Winnipeg’s wildly successful Marcel Dzama, whose ironic drawings mine childhood nightmares, is one inspiration for a generation of artists exploring the dark side of cartoons, kitsch and adolescence (Stephen Shearer, Shary Boyle). Meanwhile, local graffiti-ers like Elicser Elliott have joined the UK’s Banksy to show in galleries.

7. Art market bubble and crash

Until 2008, art rode high on a market bubble. Cash gushed and new galleries opened monthly. But following last fall’s crash, 10 private galleries closed across Toronto. And public galleries find art purchases and exhibition plans impossible due to plummeting endowments.
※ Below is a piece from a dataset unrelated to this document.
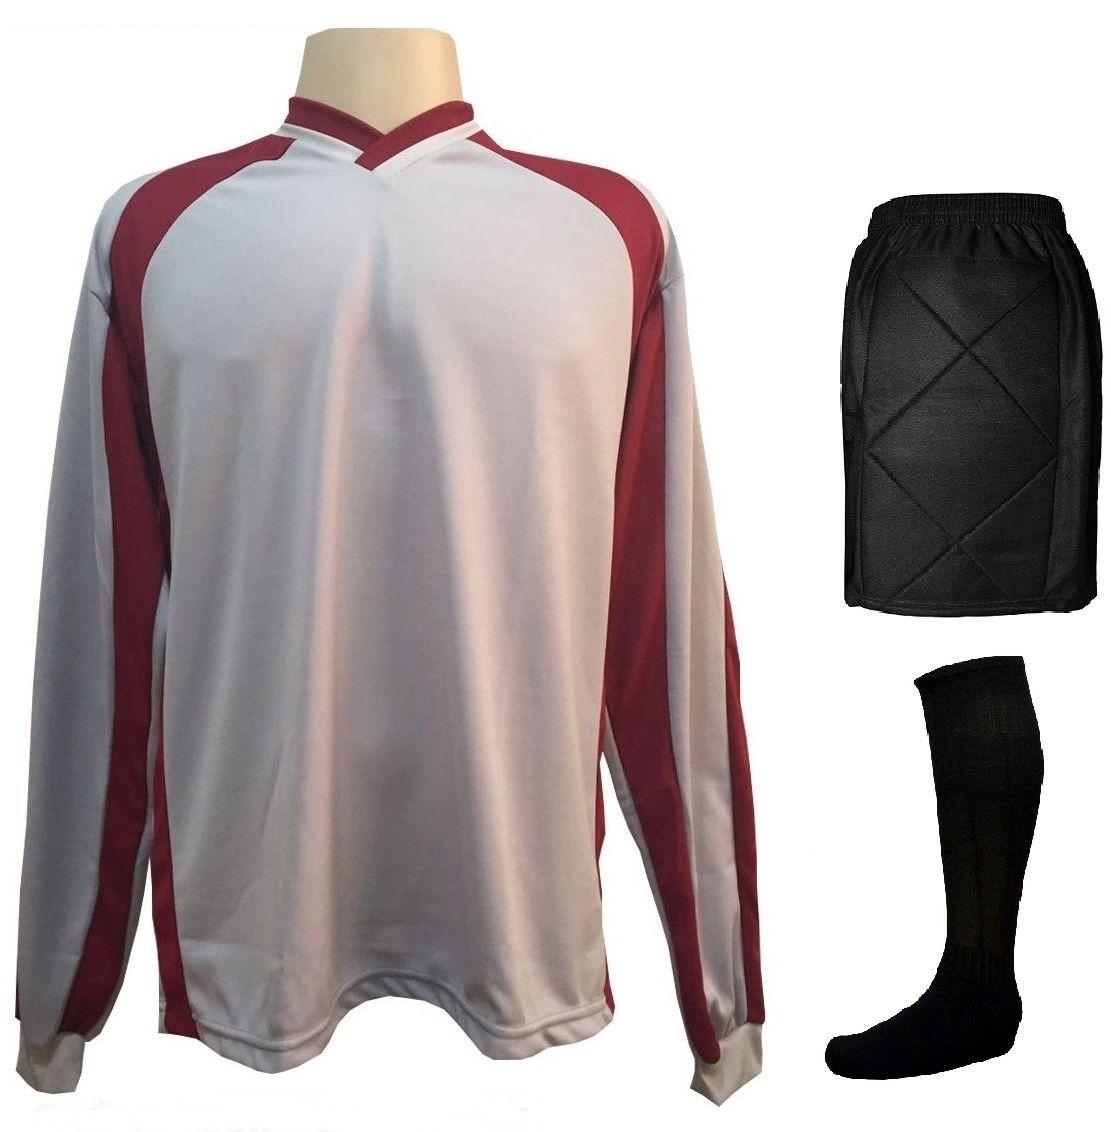 Fardamento Completo modelo Roma 20+2 (20 camisas Laranja/Preto + 20 calções modelo Madrid Preto + 20 pares de meiões Preto + 2 conjuntos de goleiro) + Brindes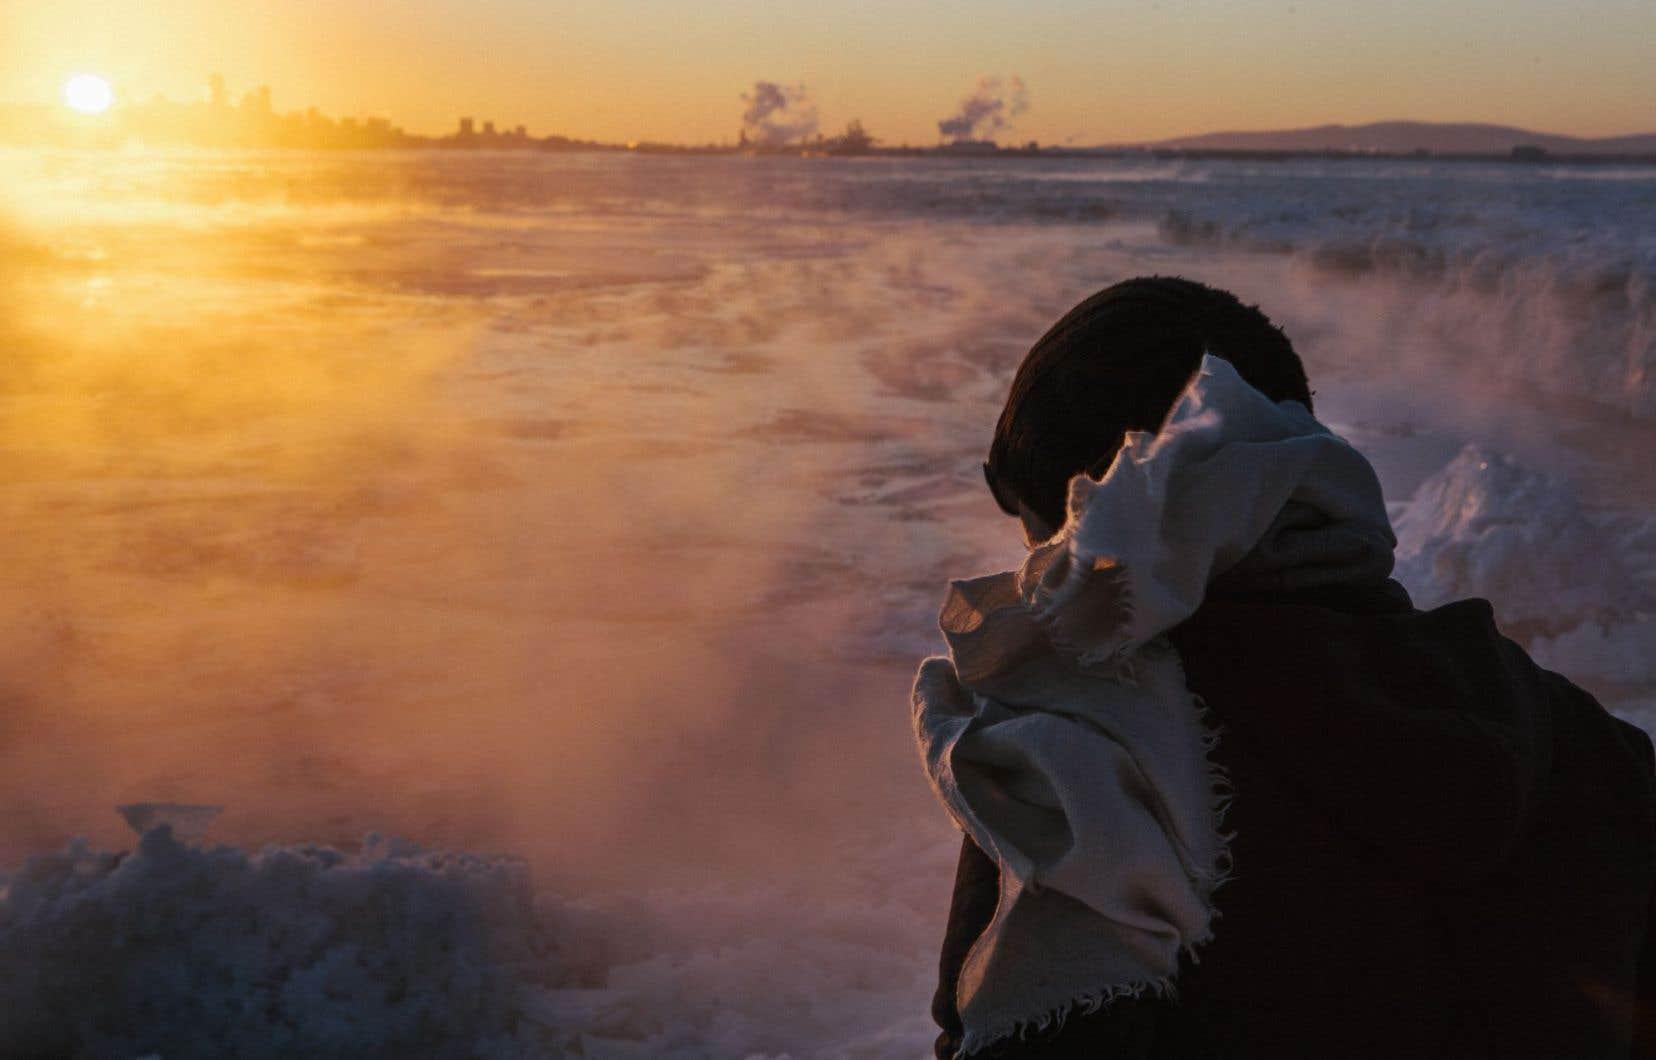 «Pour moi, la neige représente surtout un moment d'arrêt, explique Christian Guay-Poliquin. Quand la neige s'accumule sur un paysage, sur une région, toute la vie organique s'arrête.»

Like it or not, the market’s an undeniable game-changer.

8. Galleries seize their space

The MOCCA, once an obscure gallery above midtown, has commanded a central place on the cultural scene since its move downtown in 2005. Gallery TPW occupies a handsome new spot on the hotter-than-hot Ossington strip, and Mercer Union has moved into a historic cinema on Bloor, bringing three other galleries with it. And 401 Richmond solidified its place as one of our most happening cultural centres.

9. Exhibition Transport Services cut

The Harper feds’ art-front fuck-ups are plentiful – National Portrait Gallery kibosh, anyone? But sometimes it’s the lesser-known jabs that cut deepest. When Harper slashed the efficient, long-running Exhibition Transport Services in 2008, citizen-owned art could not travel across our – yes, Stevie! – freakishly vast nation, thus denying Canadians the chance to see it. Ri-effing-diculous.

10. Rising museum admission fees

Though Toronto’s museum-reno mania garnered coveted international press coverage, it also led to doubled and tripled admission fees that made them the world’s highest. Word to boards of directors: visitor-friendly displays don’t mean nothing without citizen-friendly ticket prices.